The experience of so many clinical rotations in the short space of a year did nothing to help me resolve the doubts I still had about what kind of doctor I wanted to be. I enjoyed and was good at many of the clinical tasks I had to carry out, perhaps most of all the fine manipulative skills that required proficiency with a needle or a scalpel. Yet I was sure I didn't want to be a surgeon. Equally surely, I didn't want to be a psychiatrist. In those days, mental disorders were disturbing to contemplate and mostly they were mysterious and frightening, a great gap in our clinical training. I didn't learn anything about mental and emotional disorders until several years after I went into general practice, consolidated the little I'd learnt by targeted experiences during my epidemiological training. If I lent towards anything, it was the obvious direction that almost all of us took, towards general practice. Yet I had much uncertainty about this too, partly because I lacked confidence in my ability to function on my own, partly because the field seemed to me to lack much intellectual stimulation. I still wanted most of all to be a writer.
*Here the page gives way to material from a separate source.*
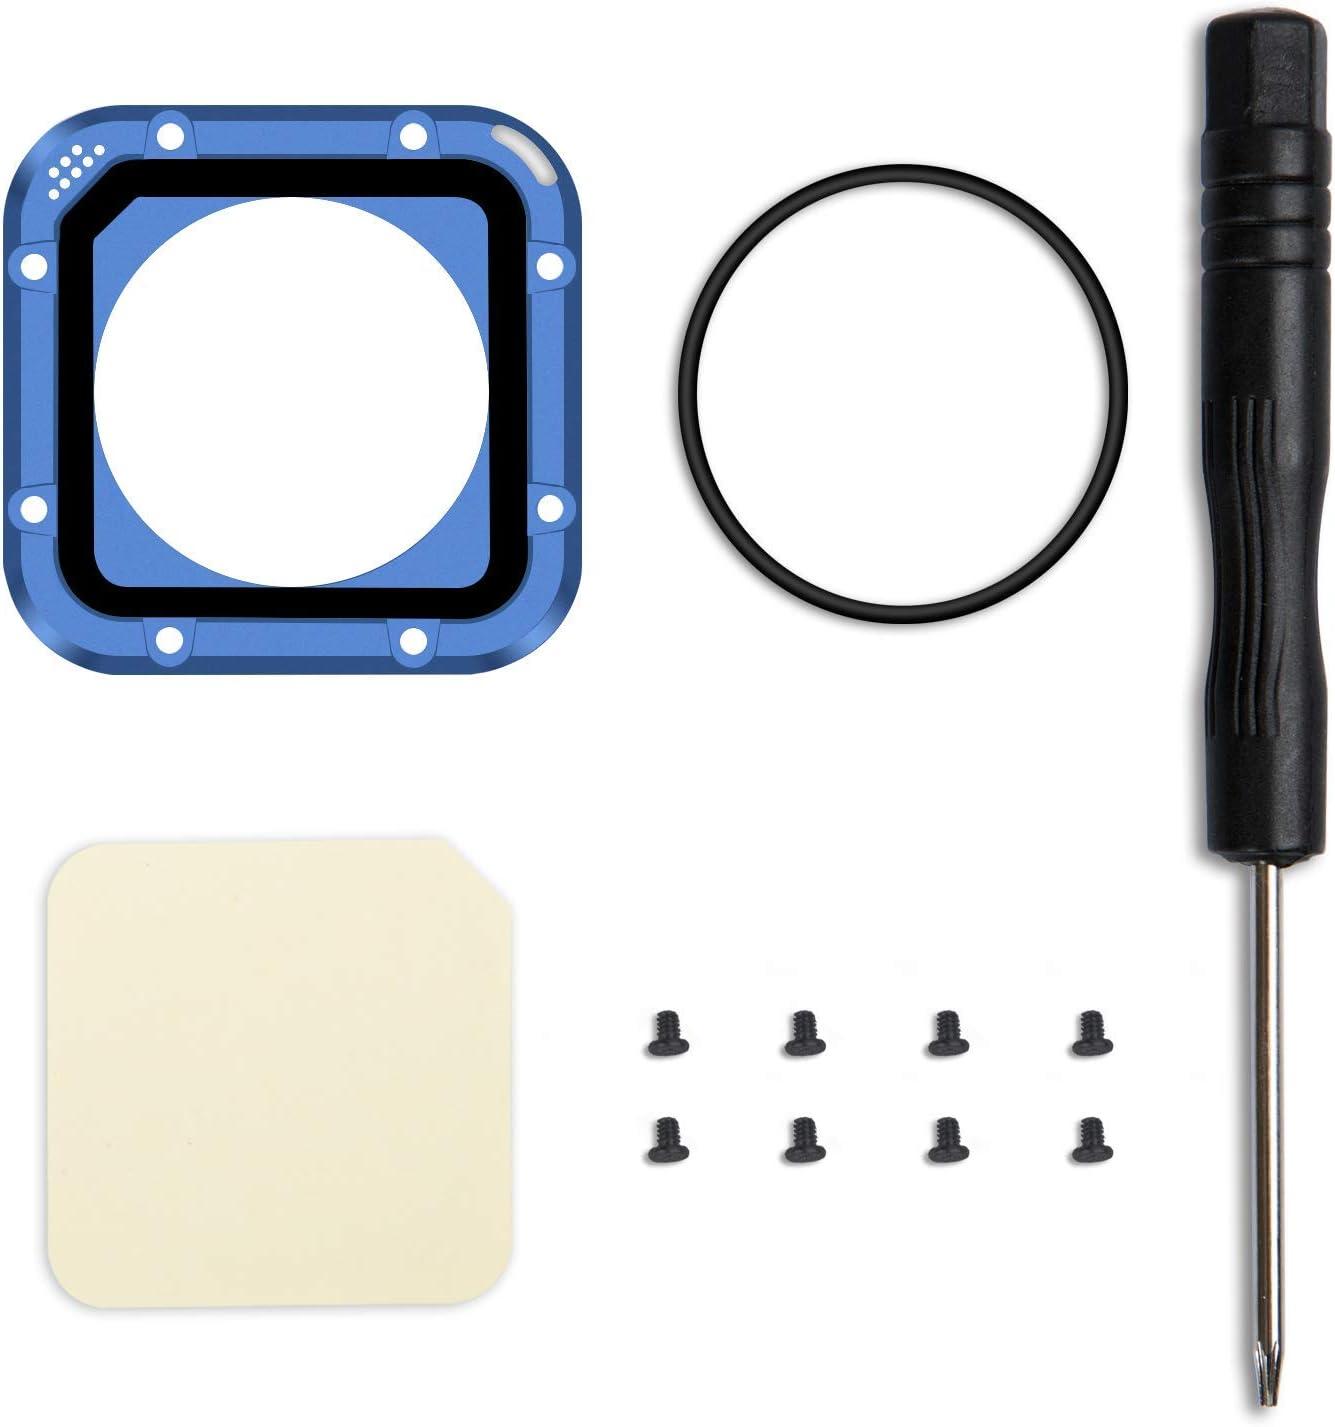 Electronics Digital Camera Accessories  2 Pack  GOHIGH Lens ...
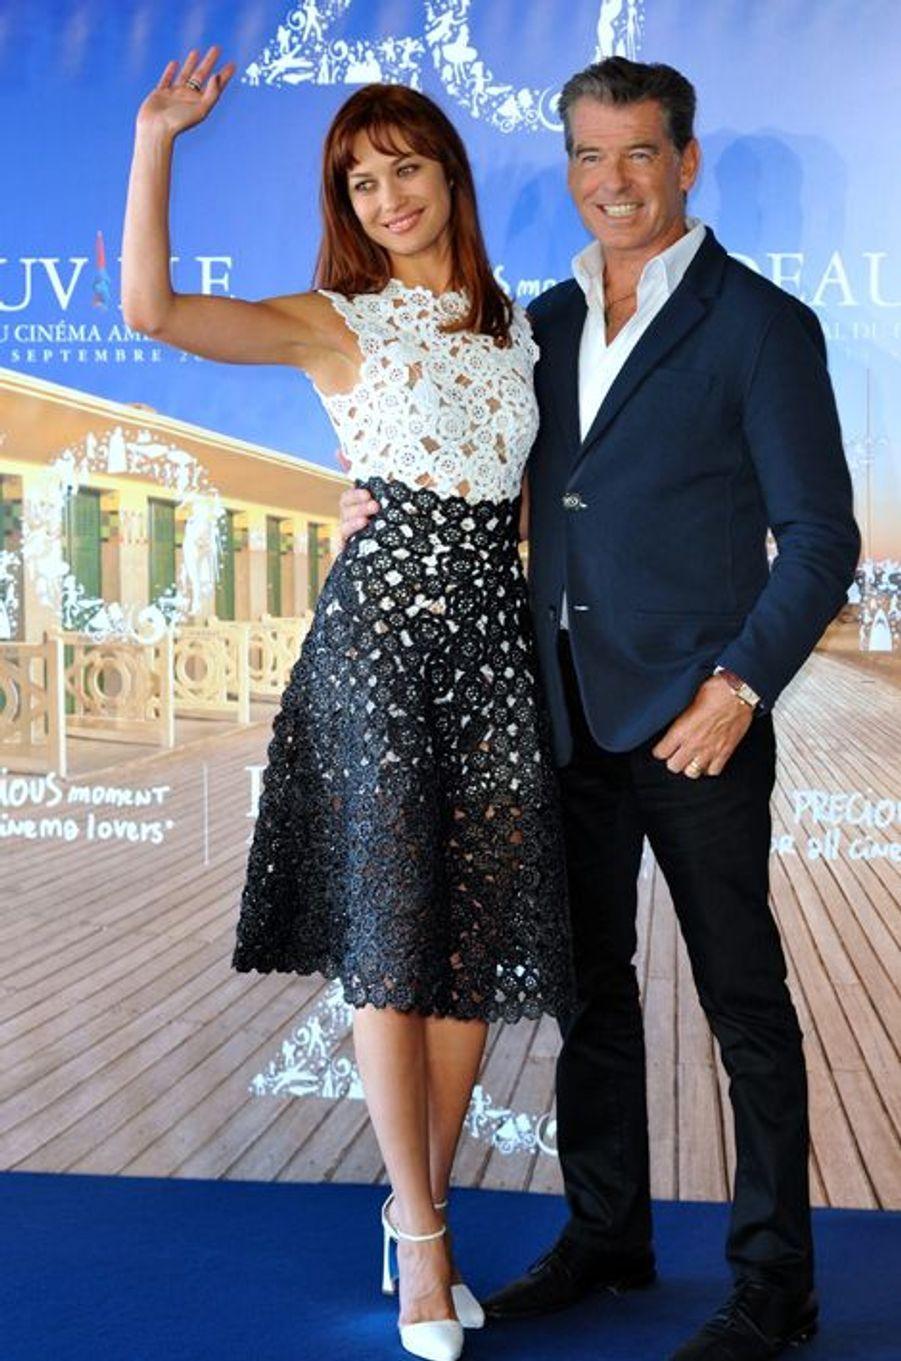 Pierce Brosnan et Olga Kurylenko

Late in the winter of 1950, just after the Korean War began, I escaped for a two-week spell relieving a doctor in a country town about 150 miles north of Adelaide and enjoyed this experience of general practice much more than I had when I had briefly worked as a country GP just after graduating. Yet I didn't feel ready to embark upon a career in general practice at the end of the internship year at the RAH. Like most of us, I applied for a six-month period as house officer at the Adelaide Children's Hospital. I also considered enlisting, joining the Australian contingent that was preparing to deploy to Korea. I've sometimes wondered how differently my life might have turned out if I had served in that forgotten, unfinished war.
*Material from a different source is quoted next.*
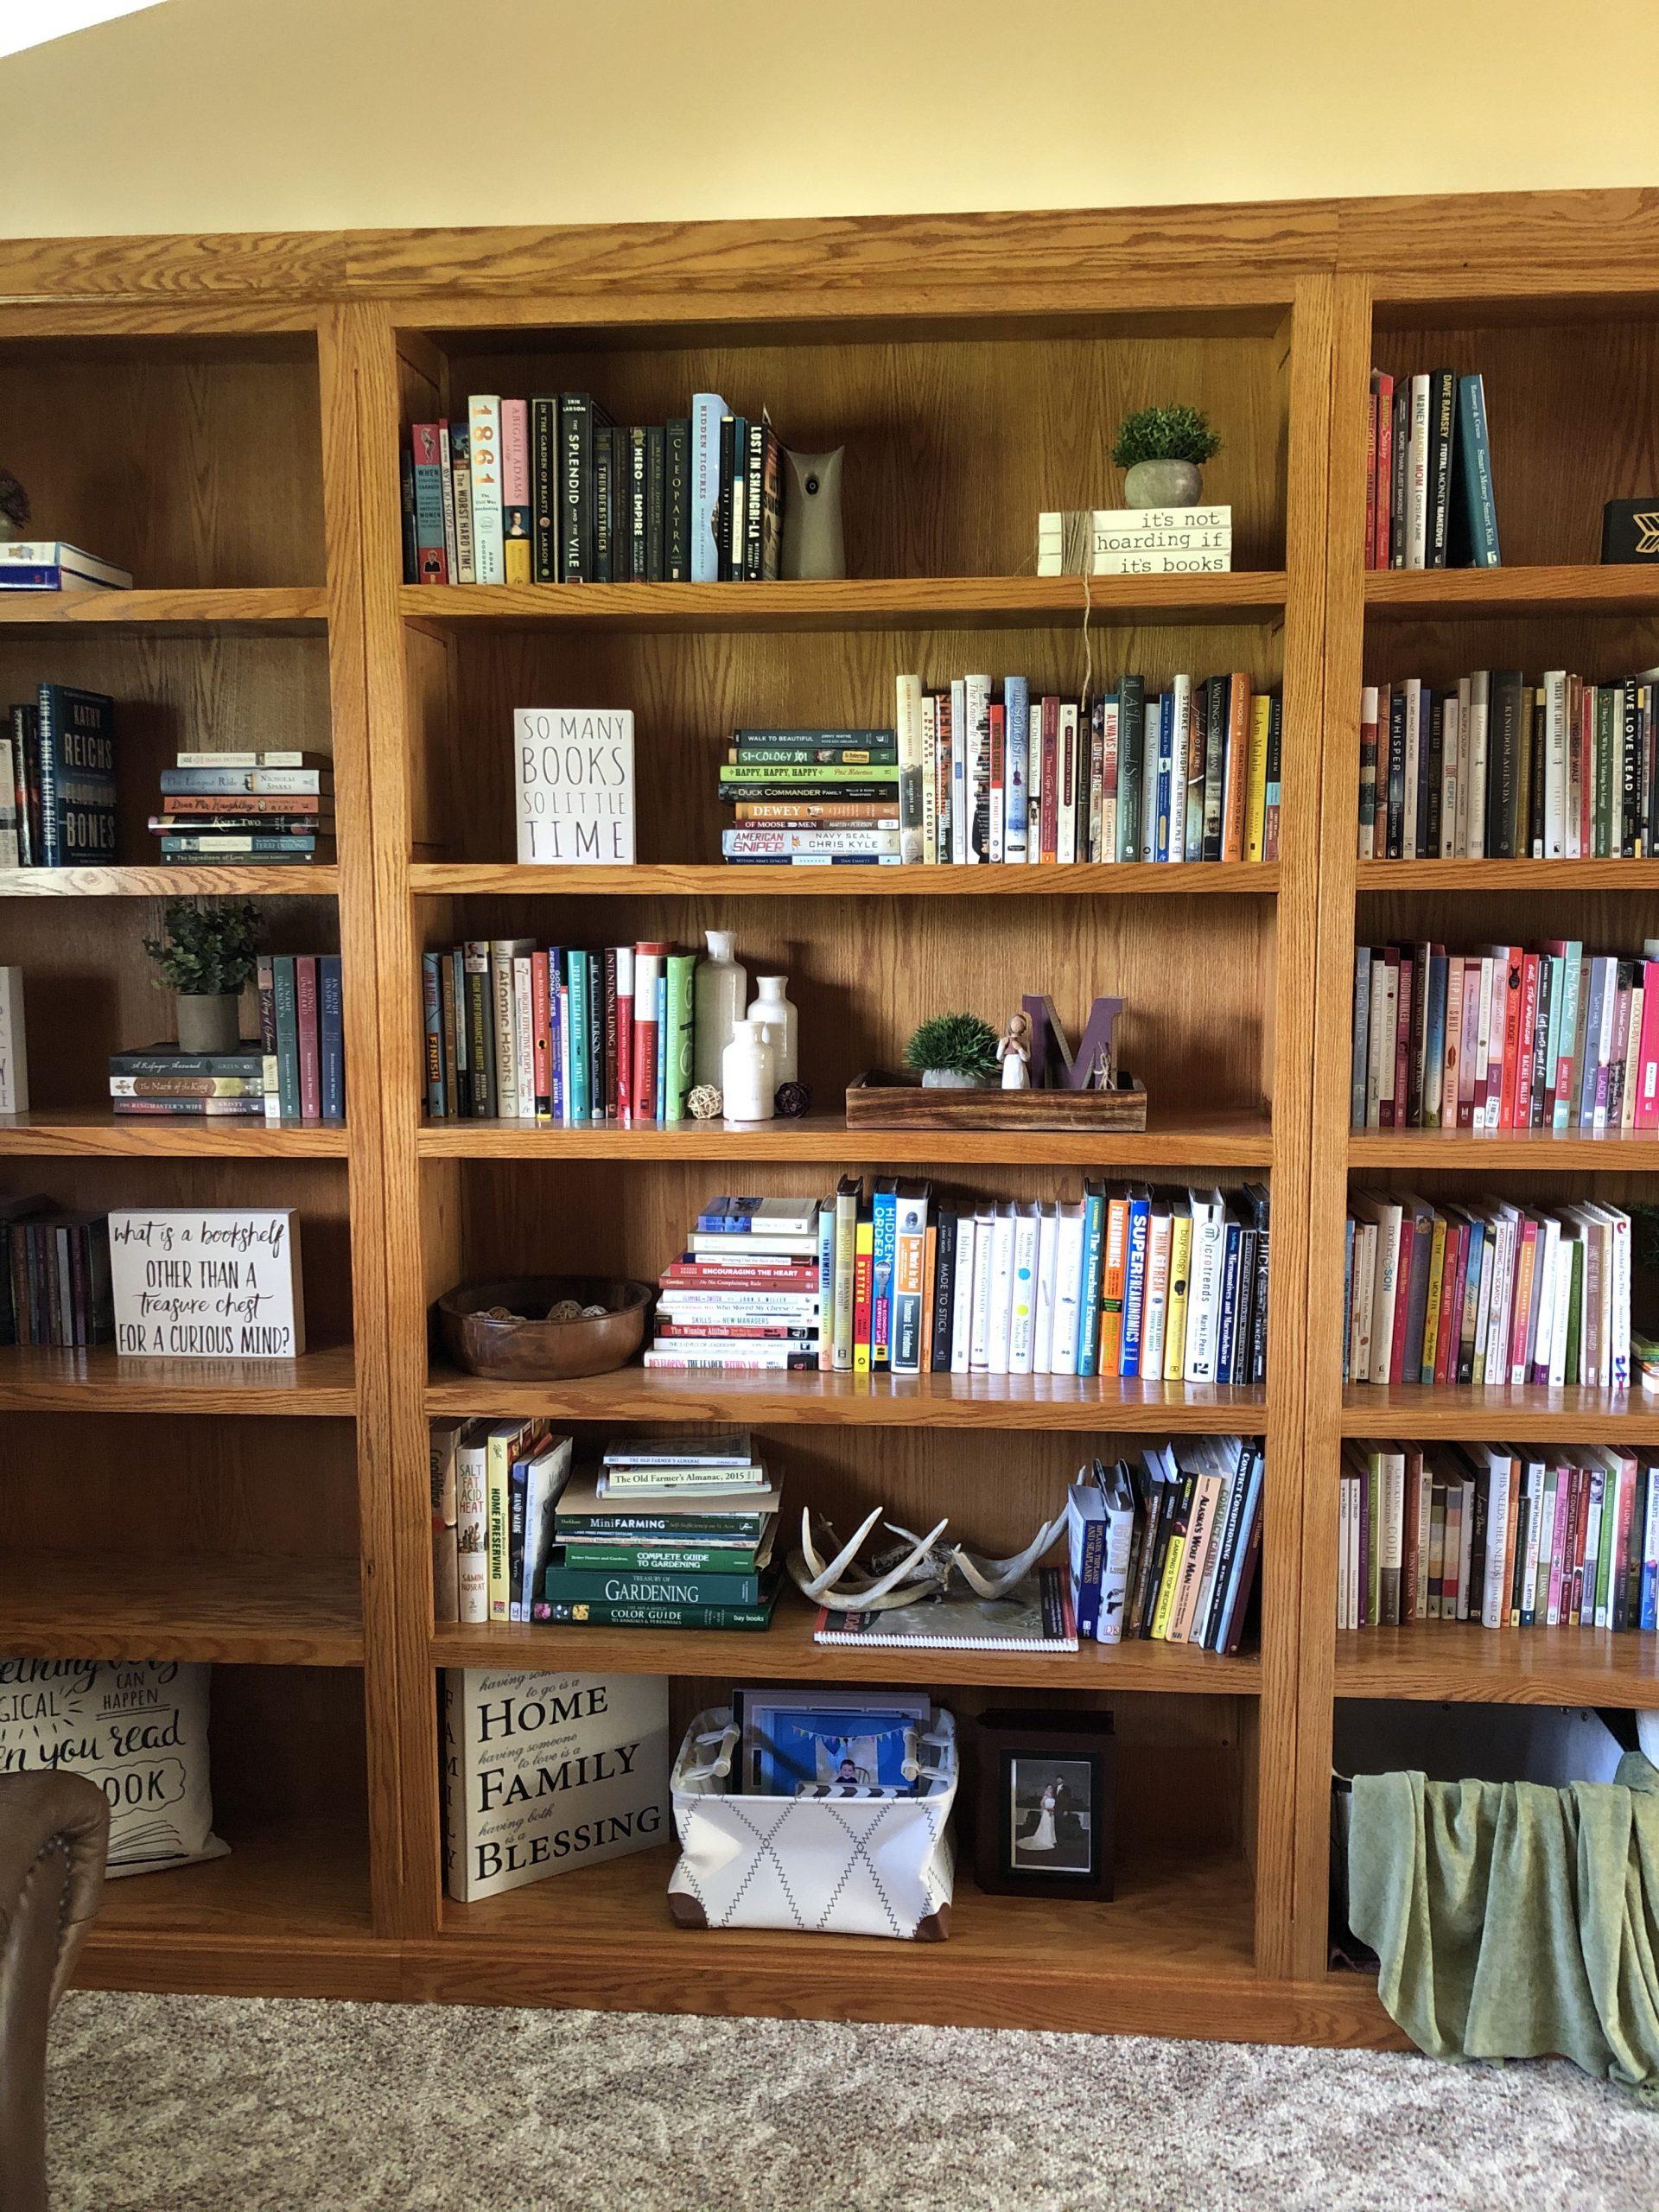 Middle bookcase -- General nonfiction

During 1950, along with all the others who lived in the residents' quarters at the Royal Adelaide Hospital, I had many close encounters with large numbers of cockroaches. The building was infested big time. If one of us went into the kitchen of our quarters late at night and turned on the light, the entire table top and the benches beside the sink were a moving carpet of purple or black carapaces, long antennae waved as if gusts of wind blew across them; they made a sinister sounding rustling noise but were otherwise silent, unlike some of us, especially the women residents who had been known to scream at first sight of them, although like the rest of us they soon got hardened to the sight. The largest of them were two or more inches long and if we could suppress our disgust at the sight, they were really rather beautiful with their shiny carapaces and long, gracefully waving antennae.  Ten years later when I was learning medical entomology during my public health training, the delightful expert who taught that component of the course told us two interesting things about cockroaches: they are scavengers that clean up organic waste, much as carrion birds in India dispose of rotting meat from animal carcases; and, surprisingly, they do not carry any human diseases.  Cockroaches, therefore, do not deserve the revulsion they arouse in so many of us. Years later in 1978-79 when we lived in an apartment in Manhattan that was heavily infested with the New York variety of cockroaches we had many house guests and once when I was awakened in the small hours by screams of a squeamish woman who was staying with us, I tried to reassure her with these two facts about cockroaches. Not surprisingly, I failed to convince her. As for me, I admire them more than they disgust me.